Zebih edilen oğul İshâk mı İsmâil mi?
Benzeşenler-Farklılıklar
Âdem ve Eşi
Kıssası Tevrât ve Qur’an’da benzeştikleri gibi farklıdır.
Nûh Qıssa’sı Tevrât ve Qur’an’da benzeştikleri gibi farklıdır.
Lût Qıssa’sı Tevrât
ve Qur’an’da benzeştikleri gibi farklıdır.
Yûsuf Qıssa’sı Tevrât ve Qur’an’da benzeştikleri gibi farklıdır.
Davûd Qıssa’sı Tevrât ve Qur’an’da benzeştikleri gibi farklıdır.

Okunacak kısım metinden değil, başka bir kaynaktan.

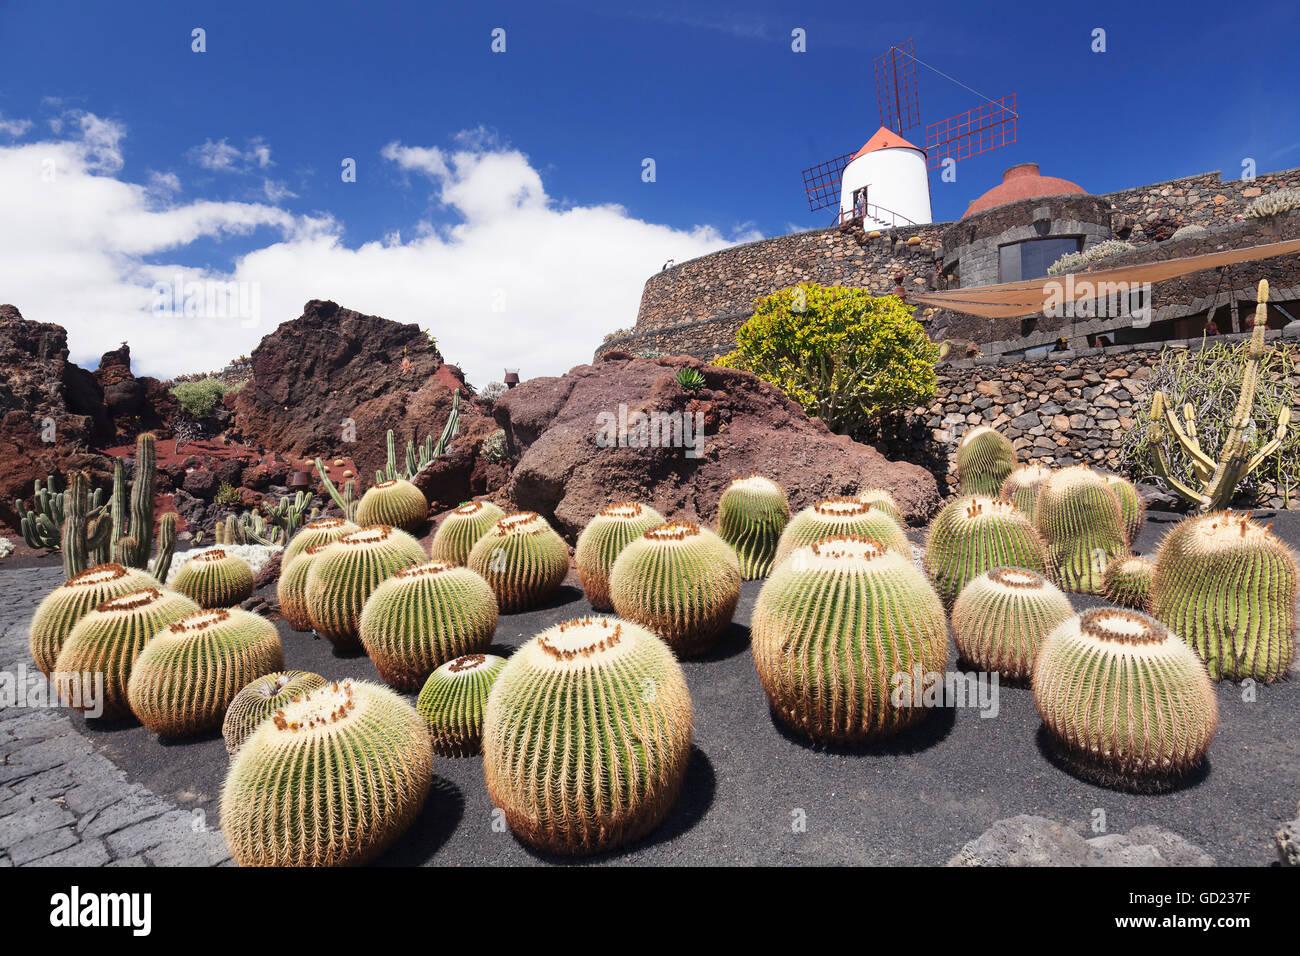 Cactus Garden Jardin De Cactus By Cesar Manrique Wind Mill Unesco

Süleymân Qıssa’sı Tevrât ve Qur’an’da benzeştikleri gibi farklıdır.
İsâ ve Meryem
Qıssa’sı İncîllerlerle ve Qur’an’da benzeştikleri gibi farklıdır.
(Örnekler
vermek yazının sınırlarını aşacağından bu kadarını söyleyelim).
….
Zebih olayı ve Ehl-i Kitâb
Benzeşenler ve Farklılıklar
"Bu şeylerden sonra Tanrı İbrahim'i
sınadı ve ona, 'İbrahim!' dedi. O da 'İşte ben!' dedi. Ve dedi ki, '
Sevdiğin biricik oğlun İshak'ı al , Moriya diyarına git ve
orada sana göstereceğim dağlardan birinde onu yakmalık sunu olarak
sun.'" (Yaratılış 22:1-2, RSV).
"İbrahim,
iman sayesinde denendiği zaman, İshak'ı kurban etti . Vaatleri
almış olan Tanrı da biricik oğlunu kurban etmeye hazırdı
..." (İbraniler 11:17).
"Atamız İbrahim, oğlu İshak'ı sunağın
üzerinde kurban ettiği zaman, yaptığı işlerden ötürü aklanmadı
mı?" (Yakup 2:21).
Kurban edilecek çocuğun adının Qur’an’da
bildirilmemesi, diğer taraftan Tevrat’ta ve yahudi geleneğinde bunun İshak
olarak kabul edilmesi müslümanlar arasında görüş farklılıklarının ortaya
çıkmasına sebep olmuş, bir kısmı İsmâil’in, bir kısmı da İshak’ın kurban
edilmek istendiğini ileri sürmüştür. Hz. Ömer, İbn
Mes‘ûd, Alkame b. Vakkās, Kâ‘b el-Ahbâr, İkrime el-Berberî, İbn Cerîr et-Taberî
ve Süyûtî İshak’ın; Ebü’t-Tufeyl, Saîd b.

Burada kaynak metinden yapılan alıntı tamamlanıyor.